Iron bacteria ingest inorganic substances such as iron and silicic acid during their life. In swamps and lakes, iron usually exists in the form of soluble ferrous hydroxide. After being absorbed by iron bacteria, it is oxidized into insoluble ferric oxide through the catalysis of enzymes in the bacteria.


These insoluble iron compounds, silicides and other inorganic substances are secreted out of the body by iron bacteria, forming a sheath with iron as the main component. Interestingly enough, the skin sheaths of iron bacteria are often several or dozens of times larger than their bodies. Iron bacteria can move back and forth in the sheath, and sometimes can extend out of the sheath to rebuild a new sheath, and the fallen sheaths settle in the water and accumulate into iron ore. You may not imagine that this kind of iron bacteria that lived hundreds of millions of years ago actually became a "skilled craftsman" in making iron through such a lifestyle, providing today's mankind with extremely rich iron ore resources.
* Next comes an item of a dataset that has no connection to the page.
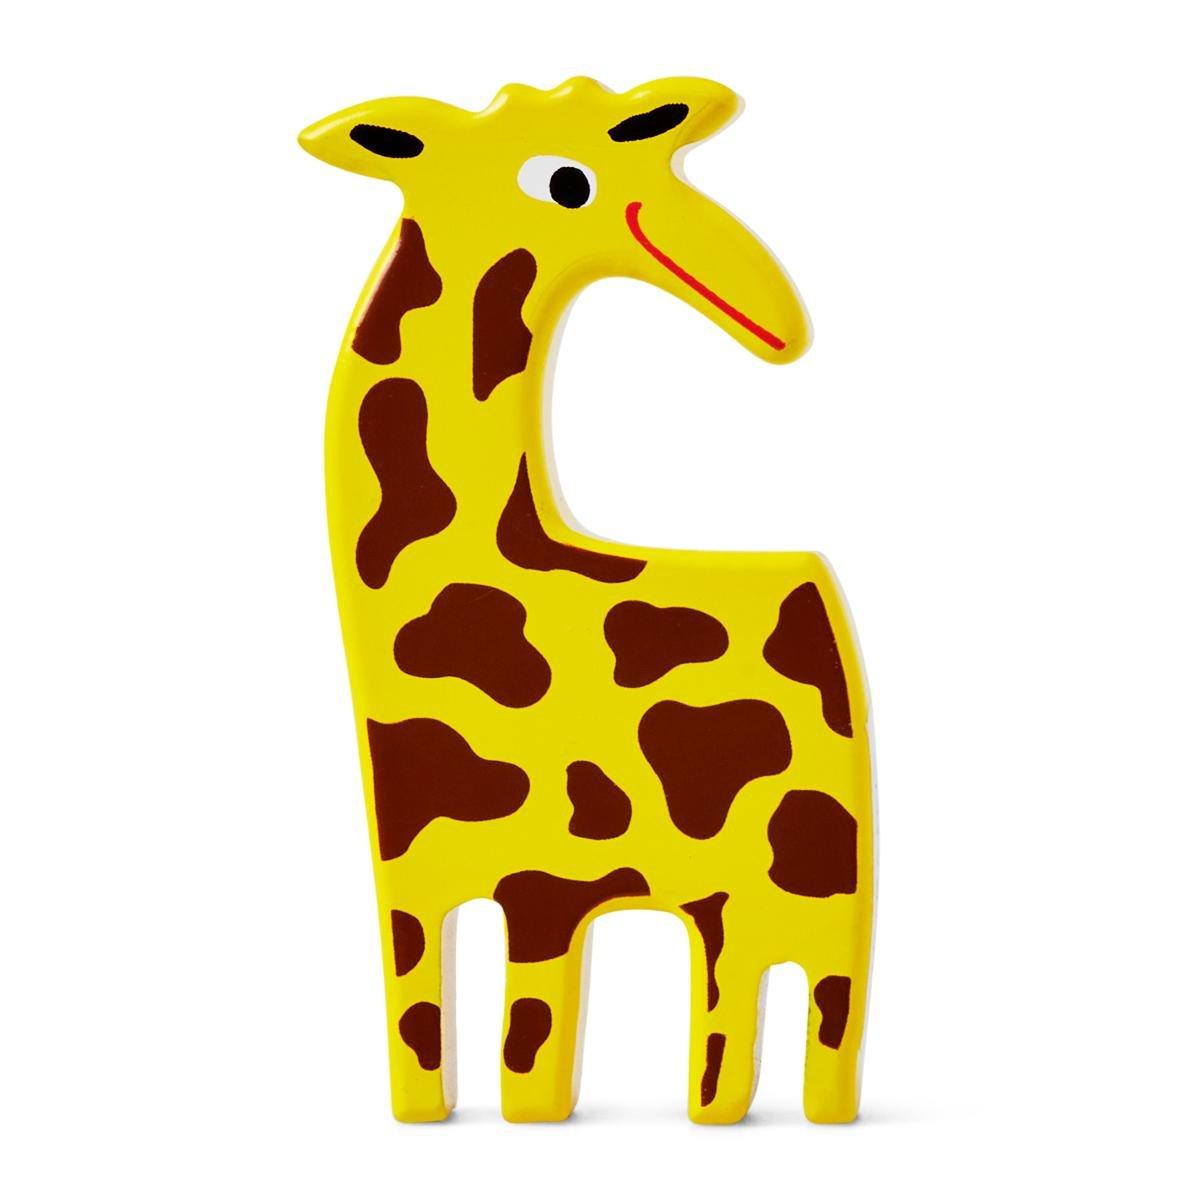 Yellow giraffe wooden animal

In the Precambrian sedimentary rocks of the United States, Canada, the Soviet Union, Australia, India and southern Africa from 1.8 billion to 3.2 billion years ago, scientists have discovered striped iron ore layers, which generally contain iron bacteria fossils. If you grind rocks or ores into thin slices and observe them under a high-magnification biological microscope or electron microscope, you can see the fossilized iron bacteria.


Due to insufficient research on iron bacteria fossils from ancient times, only more than a dozen species have been discovered. They are somewhat similar to modern iron bacteria, but different. Some of these species have become extinct. Of course, the species at that time are by no means equal to modern species. For example, linear archaeal iron bacteria are very similar to modern linear iron bacteria. They both have skin sheaths, but the ancient ones are much larger than the modern ones.


Iron bacteria are mostly aerobic microorganisms, but they do not require much oxygen. Scientists speculate that the earth's atmosphere 3.2-3.4 billion years ago was highly reducing. At that time, there was almost no oxygen in the atmosphere, only carbon dioxide, methane and hydrogen. By 3.2-3.1 billion years ago, cyanobacteria appeared. In the years that followed until 2.7 billion years ago, these cyanobacteria ingested the original reducing atmospheric carbon dioxide, carried out photosynthesis through chlorophyll, produced free oxygen and released it into the atmosphere, gradually increasing the oxygen content in the atmosphere. , which provides good living conditions for aerobic iron bacteria, thus ensuring that they can continuously absorb ferrous hydroxide in the water and oxidize it into water-insoluble ferric oxide and deposit it to the bottom of the water.


It can be seen that the distant ancestors of bacteria that often cause panic and misunderstanding among people today not only laid the biological foundation for the evolution and development of the entire biological world in the years to come, but some of their molecules also provided the basis for the development of today's intelligent creatures-human beings. Progress has accumulated indispensable mineral resources.